### YOUR INSTRUCTIONS
Images are to be excluded, and the rest of the data repeated exactly.
[THE DATA — start]
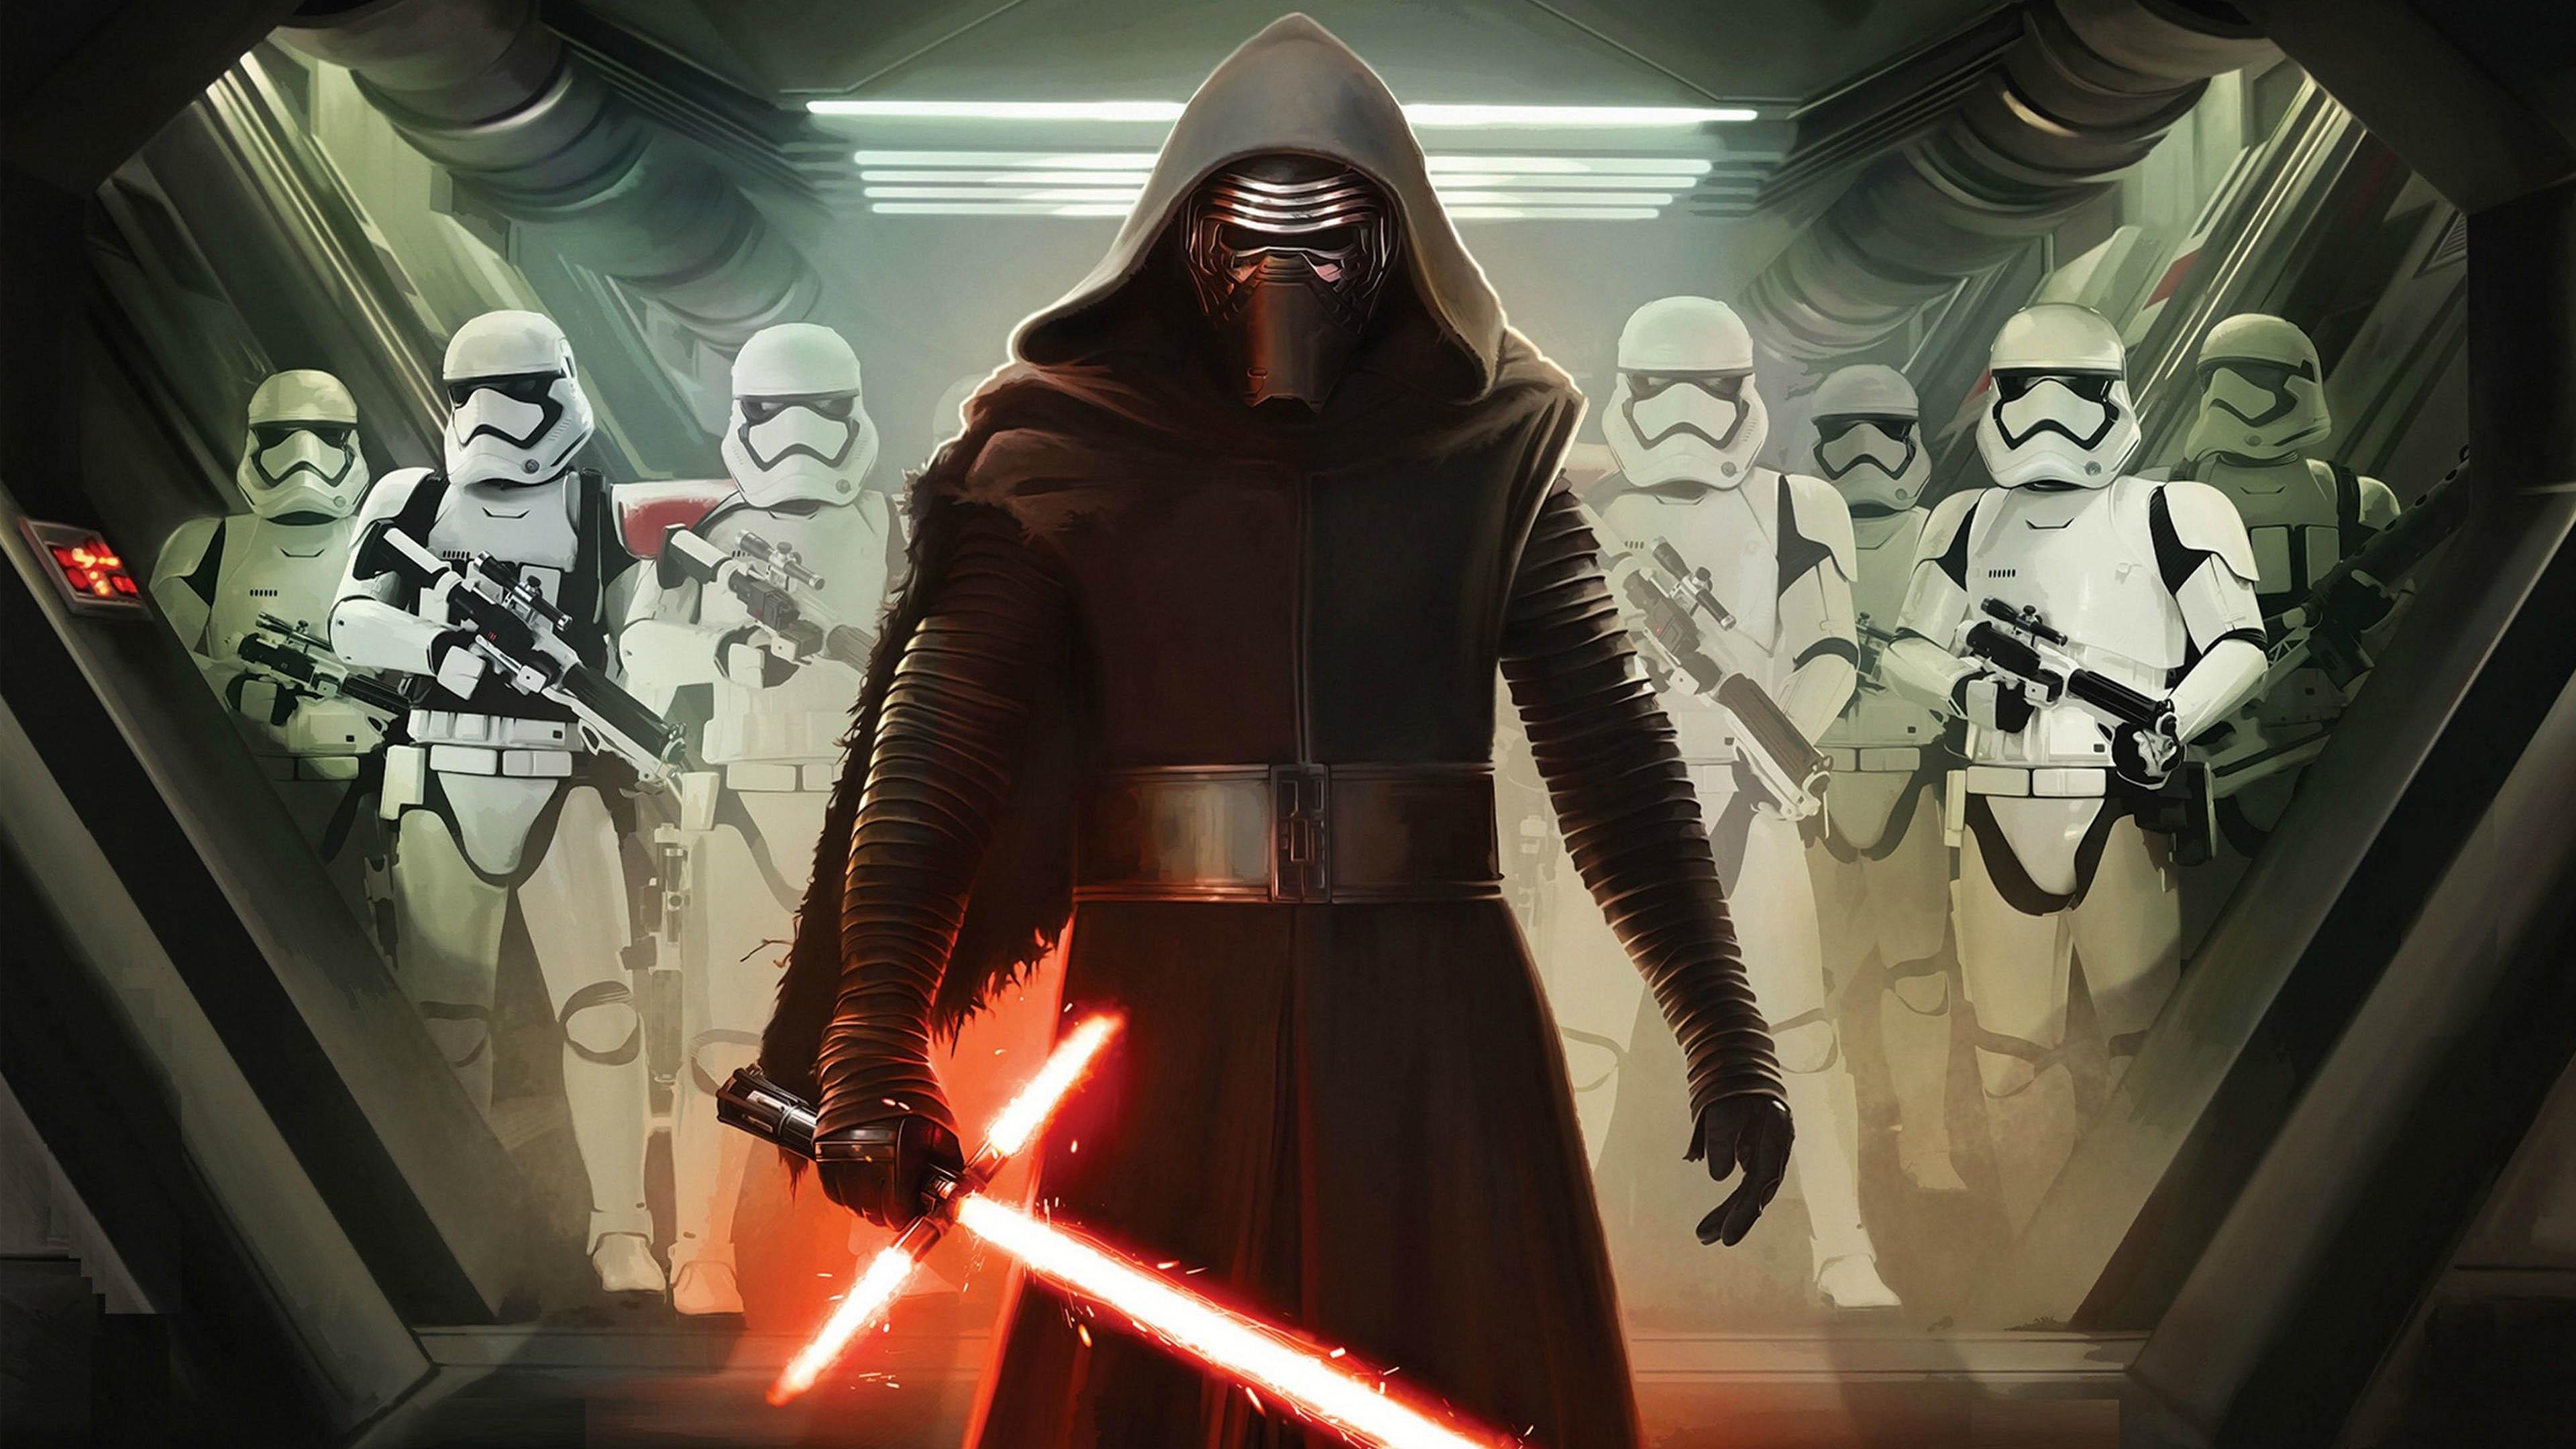 Star Wars 7 The Force Awakens   Kylo Ren Stormtroopers   3840x2160 3840x2160
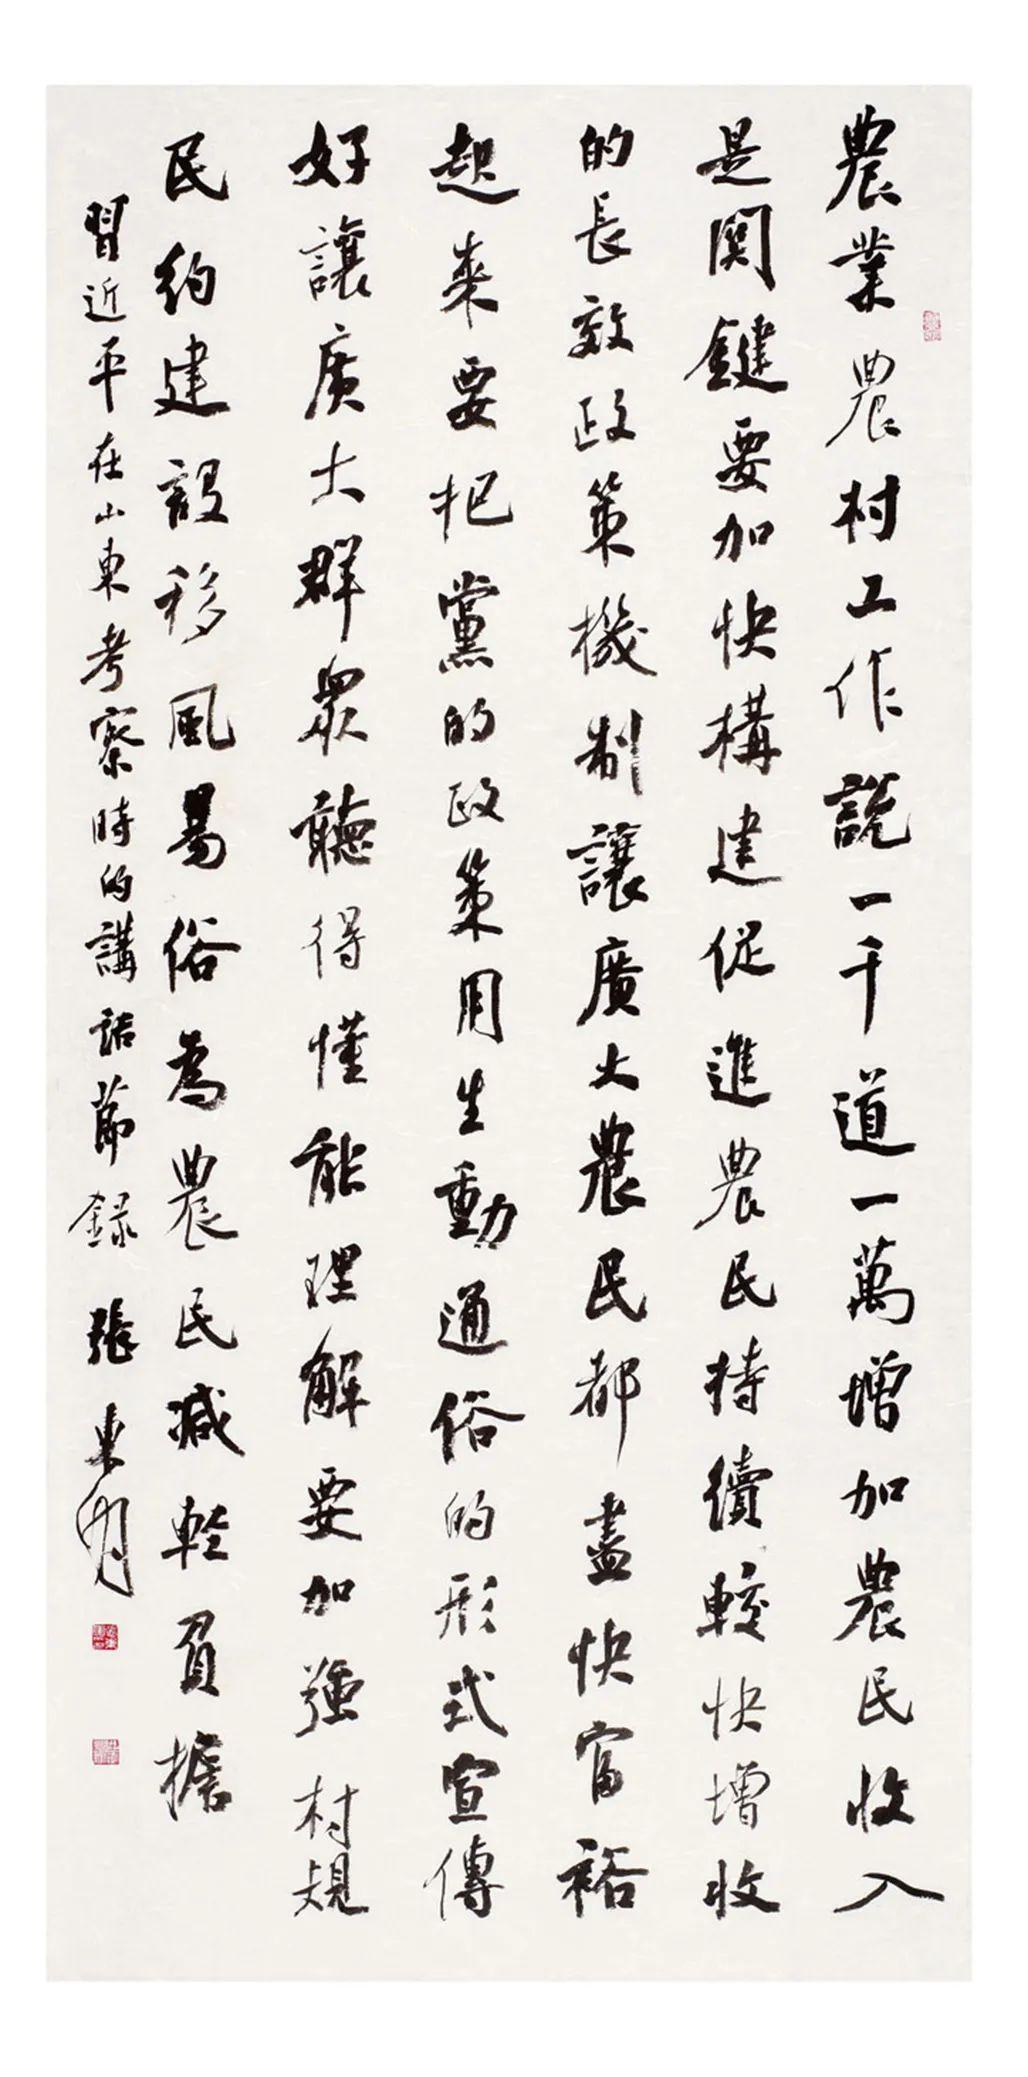 中国力量——全国扶贫书法大展作品 | 第一篇章 :人民至上(图41)
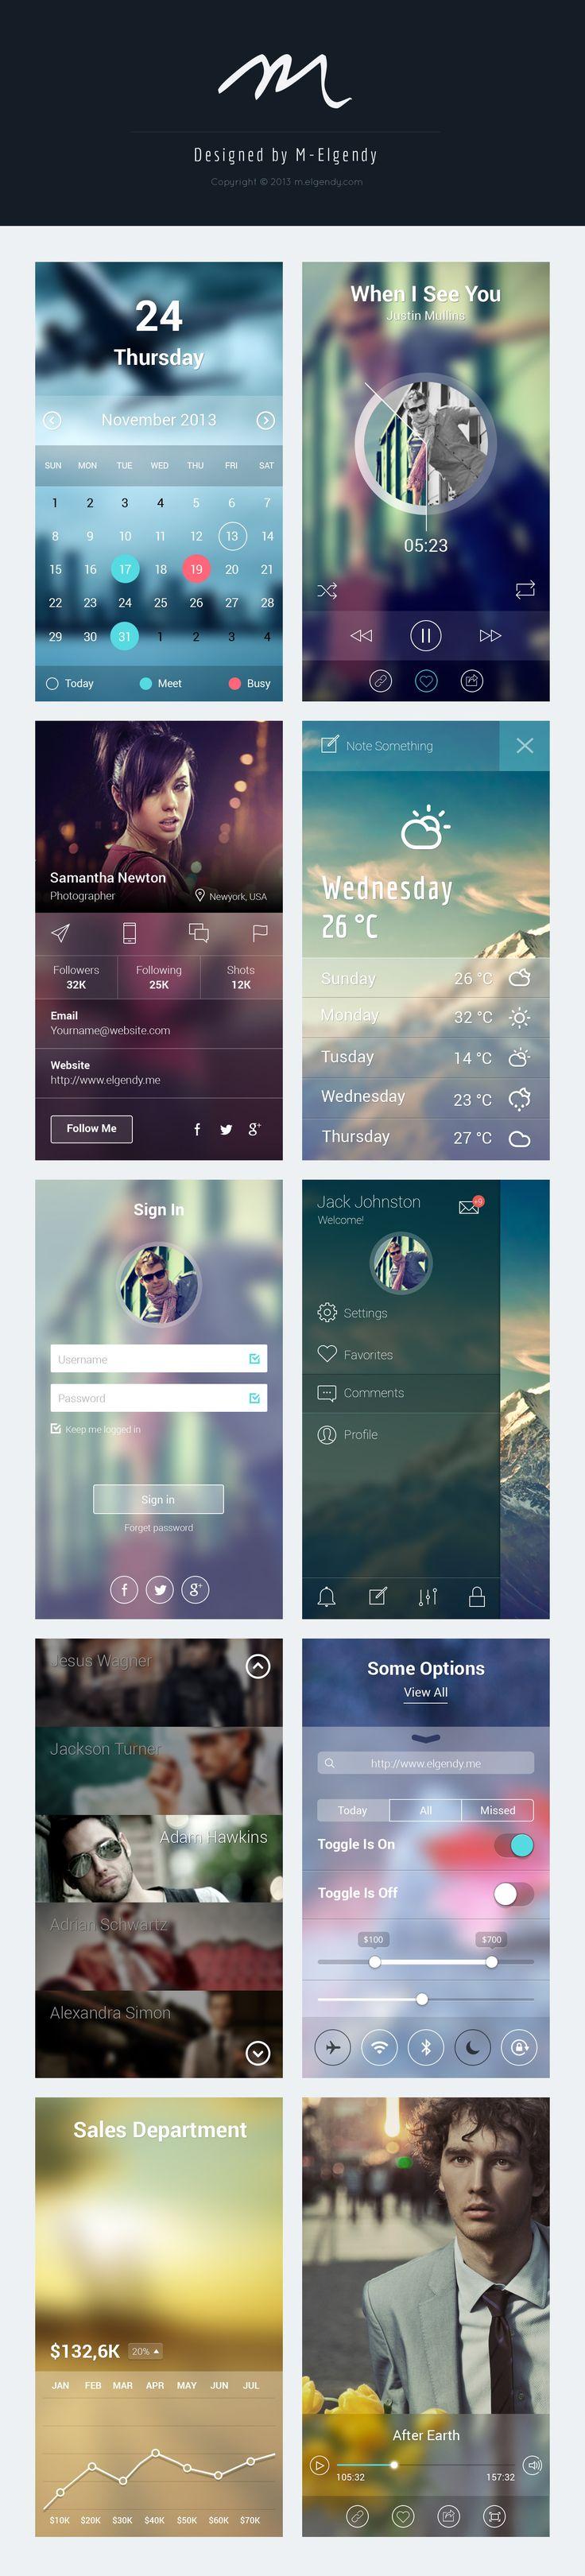 iOS 7 App Screens - http://grapehic.com/ios-7-app-screens/photoshop/psd
[THE DATA — finish]
### FINISHED TASK
 Star Wars 7 The Force Awakens   Kylo Ren Stormtroopers   3840x2160 3840x2160
 中国力量——全国扶贫书法大展作品 | 第一篇章 :人民至上(图41)
 iOS 7 App Screens - http://grapehic.com/ios-7-app-screens/photoshop/psd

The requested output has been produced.